Over the summer, after the NCAA used the Freeh report to ban the Nittany Lions from bowl games for four years and limit their scholarships from 2013 to ’17 — among other crippling sanctions — O’Brien found out. Twenty-two Nittany Lions will exhaust their college eligibility after the Nov. 24 game against Wisconsin. On the morning of July 23, that group of seniors watched NCAA President Mark Emmert announce the penalties against Penn State. Some players threw things against the wall. Nearly all voiced their frustration.

And then they held the program together.

“You look around the squad room, and you’re saying, ‘Well, if he leaves, then he’s going to leave, and it’s going to be a chain reaction,’ ” Mauti said. “So our goal was to eliminate the first domino. We literally had to create a strategy for keeping our team together. We had to recruit our own friends.”

Recruit them, for what? Any of them could have left Penn State with no penalty because the NCAA waived the normal rule that requires transfers to sit out a year before playing again. Coaches from rival schools flooded the players’ phones. Some even arrived in State College and showed up outside players’ dorms. In that should-I-stay-or-should-I-go mayhem, Mauti made phone calls, sent texts and made personal pleas to get players to stay.

In the end, just nine left. Mauti now faces the final two games of his college career not knowing the future, either for himself or the program.

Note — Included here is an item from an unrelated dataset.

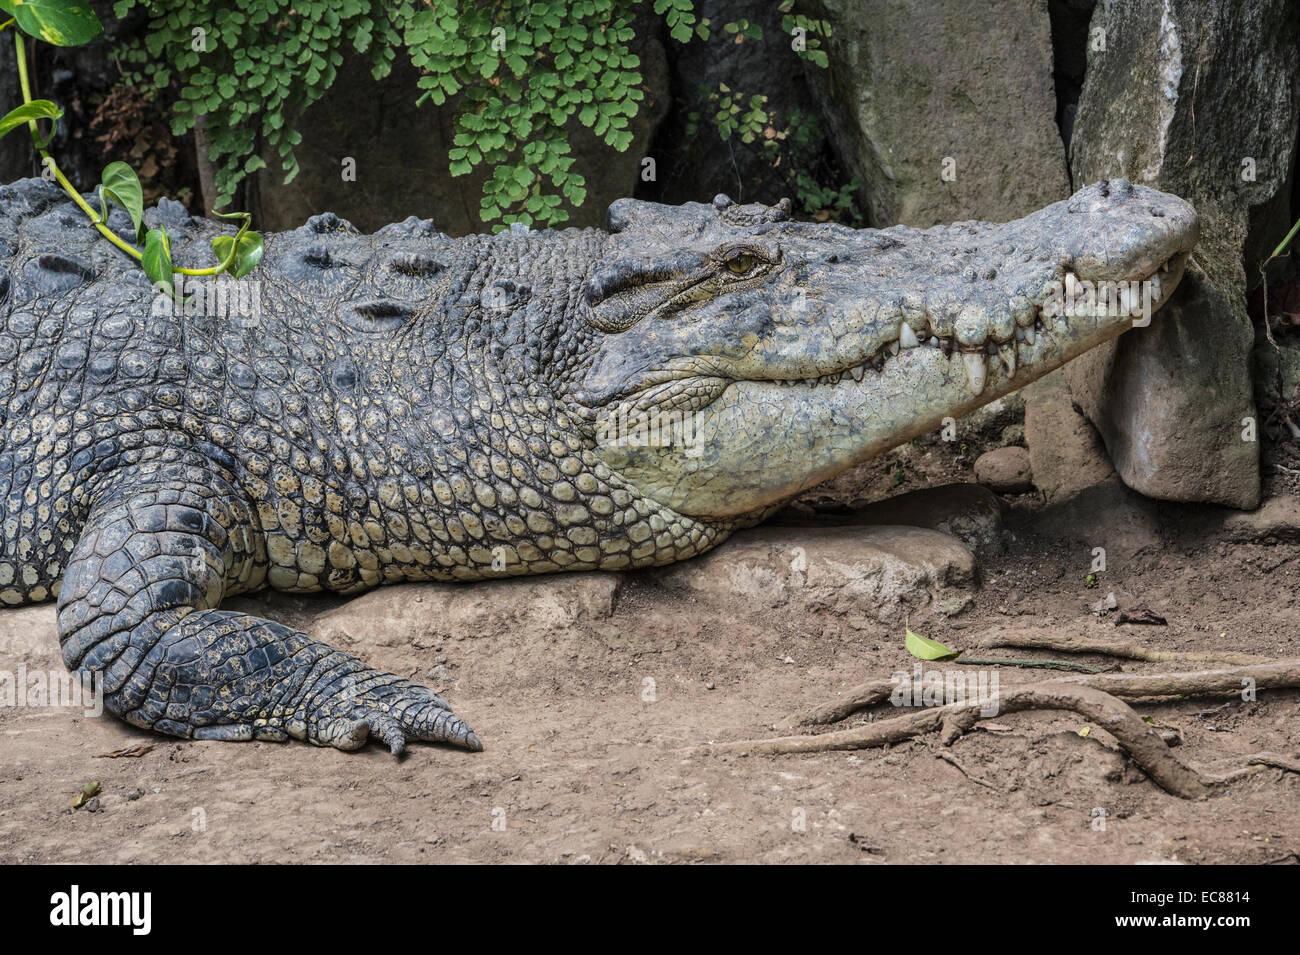 Saltwater Crocodile (Crocodylus porosus), Bali Reptile Park, Indonesia - Stock Image

But asked if staying, and encouraging others to do so, was worth it, he is steadfast: “Absolutely.”

“We knew it was much bigger than us, ever since last year,” Mauti said. “We knew that we were playing for more than ourselves and our team. It was for our university and our community.”

Tuesday, as afternoon turned to evening, Mauti and his teammates practiced at the center of that community, albeit in isolation. The lights above the practice fields behind the Lasch building glowed bright, yet only coaches and staff saw the work. There, with the outline of the hills in the distance fading into the blackness, the temperature dipped below freezing, the wind picked up, and a coach yelled, “Mauti, you’re back in!”

Michael Mauti ran from the sideline, strapped his helmet back on, and took his spot at linebacker. When the ball was snapped, he burst to fill a hole and laid his shoulder into a teammate, the latest bit of work in a career filled with it.

What the 2012 Penn State football season means is open to individual interpretation. When Michael Mauti considered the question that day, he took a moment to look around the squad room in which he had tried to keep his team together. Then he put his right palm on his chest and said, “Respect.”